**TASK OBJECTIVE**
Each entry must appear in the answer exactly as written.

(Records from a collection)
--------------------

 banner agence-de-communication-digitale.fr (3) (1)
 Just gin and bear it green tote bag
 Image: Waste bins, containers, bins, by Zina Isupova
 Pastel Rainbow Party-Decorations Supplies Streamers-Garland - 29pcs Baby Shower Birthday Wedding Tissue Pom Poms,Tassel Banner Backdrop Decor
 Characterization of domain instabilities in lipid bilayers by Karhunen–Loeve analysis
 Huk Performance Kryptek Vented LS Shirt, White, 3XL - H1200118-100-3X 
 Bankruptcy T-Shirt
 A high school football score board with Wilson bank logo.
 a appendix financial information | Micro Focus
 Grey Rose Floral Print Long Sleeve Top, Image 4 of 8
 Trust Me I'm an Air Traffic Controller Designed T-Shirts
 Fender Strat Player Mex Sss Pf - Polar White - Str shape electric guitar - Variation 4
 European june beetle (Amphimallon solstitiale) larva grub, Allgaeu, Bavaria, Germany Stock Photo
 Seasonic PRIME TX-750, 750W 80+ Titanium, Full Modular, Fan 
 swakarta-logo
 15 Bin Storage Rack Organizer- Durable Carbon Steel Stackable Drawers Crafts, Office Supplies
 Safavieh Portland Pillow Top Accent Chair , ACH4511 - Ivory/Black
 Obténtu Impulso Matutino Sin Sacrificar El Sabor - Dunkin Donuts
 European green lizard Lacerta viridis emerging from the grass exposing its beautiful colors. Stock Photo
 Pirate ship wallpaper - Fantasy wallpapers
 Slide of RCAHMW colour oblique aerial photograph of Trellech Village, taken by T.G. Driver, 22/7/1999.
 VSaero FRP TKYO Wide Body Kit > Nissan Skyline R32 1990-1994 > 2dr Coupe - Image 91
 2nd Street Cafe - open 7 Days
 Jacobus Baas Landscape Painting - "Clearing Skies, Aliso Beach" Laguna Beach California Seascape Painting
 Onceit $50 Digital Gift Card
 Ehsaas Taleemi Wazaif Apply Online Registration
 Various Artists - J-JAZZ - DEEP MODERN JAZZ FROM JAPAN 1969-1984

--------------------

**ANSWER SECTION**
 banner agence-de-communication-digitale.fr (3) (1)
 Just gin and bear it green tote bag
 Image: Waste bins, containers, bins, by Zina Isupova
 Pastel Rainbow Party-Decorations Supplies Streamers-Garland - 29pcs Baby Shower Birthday Wedding Tissue Pom Poms,Tassel Banner Backdrop Decor
 Characterization of domain instabilities in lipid bilayers by Karhunen–Loeve analysis
 Huk Performance Kryptek Vented LS Shirt, White, 3XL - H1200118-100-3X 
 Bankruptcy T-Shirt
 A high school football score board with Wilson bank logo.
 a appendix financial information | Micro Focus
 Grey Rose Floral Print Long Sleeve Top, Image 4 of 8
 Trust Me I'm an Air Traffic Controller Designed T-Shirts
 Fender Strat Player Mex Sss Pf - Polar White - Str shape electric guitar - Variation 4
 European june beetle (Amphimallon solstitiale) larva grub, Allgaeu, Bavaria, Germany Stock Photo
 Seasonic PRIME TX-750, 750W 80+ Titanium, Full Modular, Fan 
 swakarta-logo
 15 Bin Storage Rack Organizer- Durable Carbon Steel Stackable Drawers Crafts, Office Supplies
 Safavieh Portland Pillow Top Accent Chair , ACH4511 - Ivory/Black
 Obténtu Impulso Matutino Sin Sacrificar El Sabor - Dunkin Donuts
 European green lizard Lacerta viridis emerging from the grass exposing its beautiful colors. Stock Photo
 Pirate ship wallpaper - Fantasy wallpapers
 Slide of RCAHMW colour oblique aerial photograph of Trellech Village, taken by T.G. Driver, 22/7/1999.
 VSaero FRP TKYO Wide Body Kit > Nissan Skyline R32 1990-1994 > 2dr Coupe - Image 91
 2nd Street Cafe - open 7 Days
 Jacobus Baas Landscape Painting - "Clearing Skies, Aliso Beach" Laguna Beach California Seascape Painting
 Onceit $50 Digital Gift Card
 Ehsaas Taleemi Wazaif Apply Online Registration
 Various Artists - J-JAZZ - DEEP MODERN JAZZ FROM JAPAN 1969-1984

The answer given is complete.